Is Apple lagging in AI?
As we’ve become increasingly besotted by the achievements and failings of Large Language Models (LLMs) like GPT-4 in ChatGPT, it has become fashionable to speculate that Apple has been left behind these recent developments in AI and Machine Learning (ML), and wonder when and how it might catch up. This article considers what Apple might have up its sleeve for macOS in the coming year or so.
Apple has declared that its greatest interest is in on-device ML and AI, citing its overriding concerns with privacy. While this is heartening, there are other good reasons that Apple doesn’t want to commit to large-scale off-device AI, which could only compete for bandwidth and servers with iCloud and other profitable services.
Apple’s products are already well-equipped to perform sophisticated ML tasks, unlike the hardware of most of its competitors. For instance, all iPhone models introduced since the iPhone 8 in September 2017, all iPads introduced since March 2020, all Apple silicon Macs, and the Apple Vision Pro have a neural engine (ANE) in their chip. Poorest-equipped are Intel Macs, although Apple’s engineers have surprised us with the amount of ML they have been able to run with only limited hardware support.
The last few years have seen the use of ML in a wide range of tasks across macOS, iPadOS and iOS. Some of the more familiar examples include:
Visual Look Up, local image analysis and recognition, with off-device reference data;
Live Text, on-device text recognition in images;
machine translation, on- or off-device;
natural language processing, on-device.
One simple illustration of these is in natural language processing, as shown in my app Nalaprop.
This recognises and analyses multiple languages in the same text document, here with French (upper paragraph) and Spanish (lower). Words are parsed into different parts of speech, and can be taken down to lemmas, word roots such as the verb be for is, are, was, etc. Currently this supports half a dozen languages in full, and recognises most others.
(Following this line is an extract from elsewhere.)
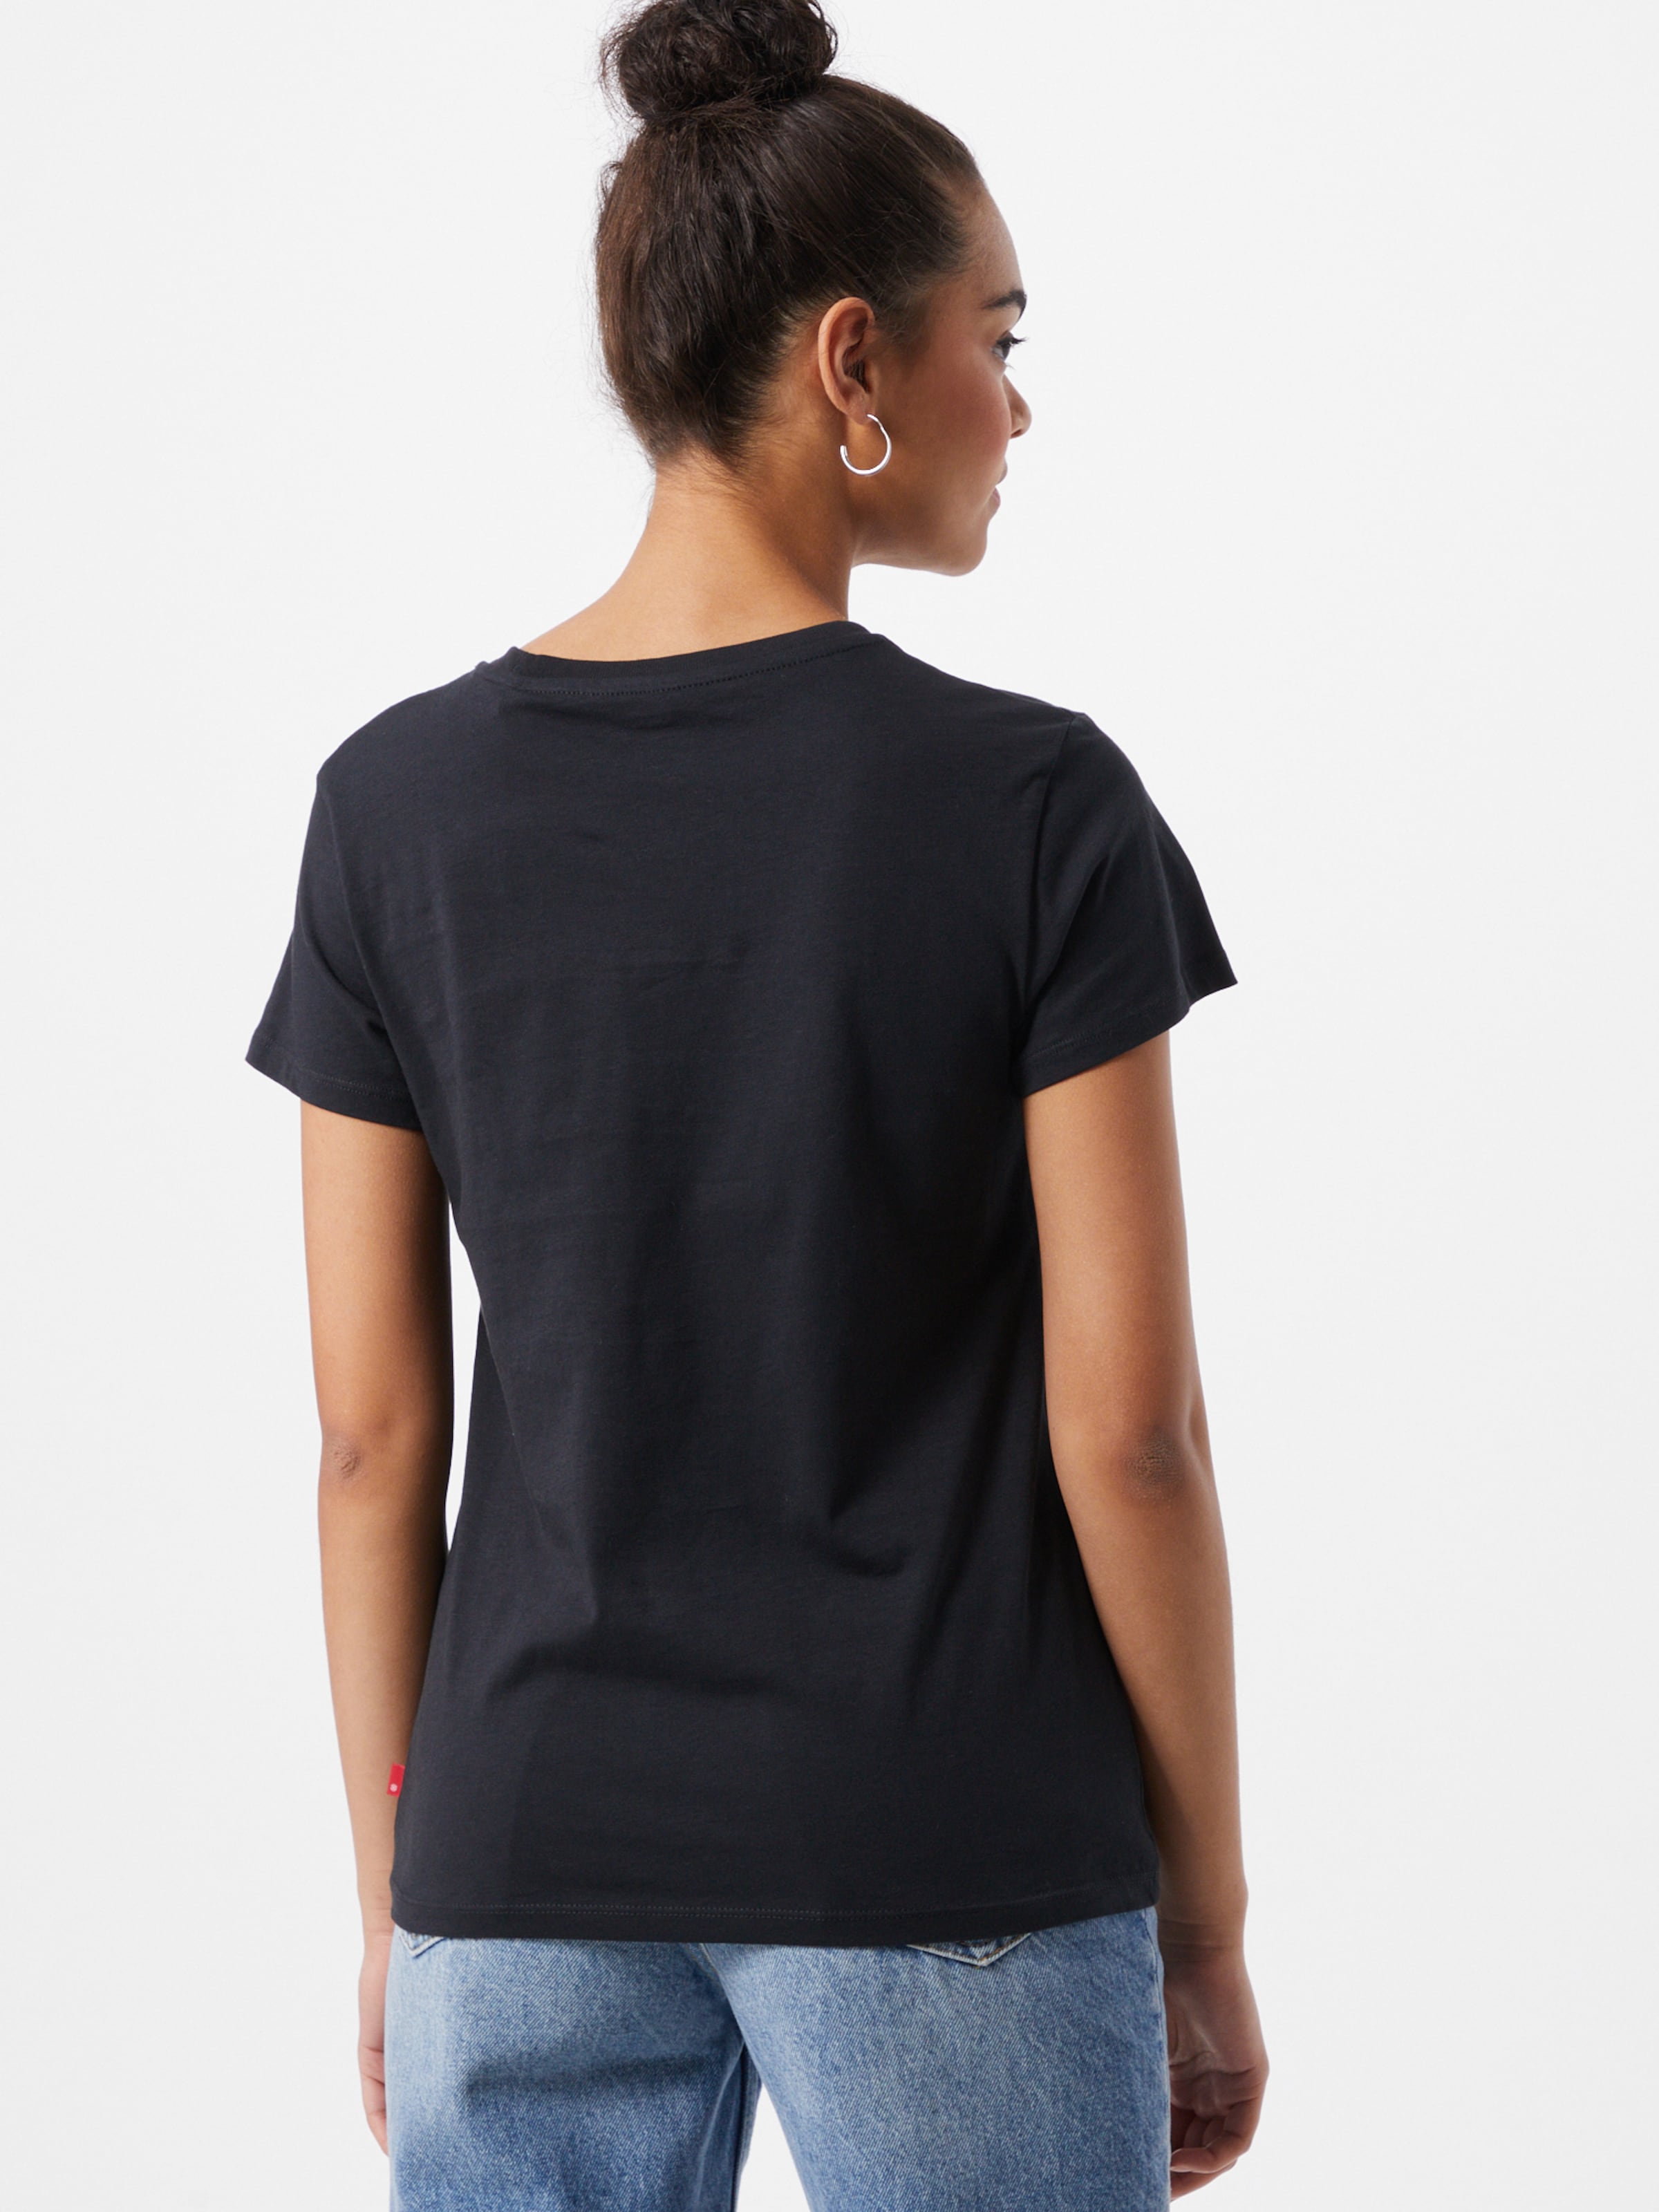 Frauen Shirts & Tops LEVI'S Shirt in Schwarz - JE42381

Nalaprop doesn’t have to work any magic with neural networks or ML to deliver this, as it’s all built into an accessible API.
Although off-device translation is widely available, Apple’s operating systems also offer on-device translation, to ensure that no user content leaves that Mac or device.
Other examples of ML in use on Apple devices include motion activity models, gait analysis, hand gestures for the Apple Vision Pro, and further improvements in word and sentence completion.
Commentators appear to have been surprised at a recent paper published online in arXiv, although this is but one of many that provide signs of Apple’s interests, and the productivity of its AI/ML teams. Recent major papers include:
arXiv:2310.07704v1 October 2023, describing the Ferret multimodal large language model (MLLM) that understands spatial references in images and their verbal descriptions, for spatial understanding;
arXiv:2309.17102v2 February 2024, describing instruction-based image editing enhanced by an MLLM;
arXiv:2306.07952v3 March 2024, introducing MOFI, a vision foundation model to learn image representations from noisy annotated images, with a constructed dataset of 1.1 billion images with 2.1 million entities, based on a web corpus of 8.4 billion image-text pairs;
arXiv:2403.09611v1 March 2024, detailing the design and implementation of MM1, a family of MLLMs for multi-image reasoning, demonstrated using captioning and visual questioning tasks. These can, for example, count the number of beers on a table, read the prices from an image of the menu, and calculate their total cost.
The emphasis in this recently published work is on the integration of images with the text of LLMs to form multimodal large language models (MLLMs) that can be used to reason about the content of images. Although this research uses very large corpora and datasets in training, it appears aimed at delivery for on-device use.
While LLMs like GPT-4 in ChatGPT have been grabbing the limelight, researchers working in and with Apple appear to have been pursuing goals that are of greater relevance to Apple’s computers and devices, including its Vision Pro. Hopefully WWDC this coming June should bring more detailed announcements about the fruit of all this research.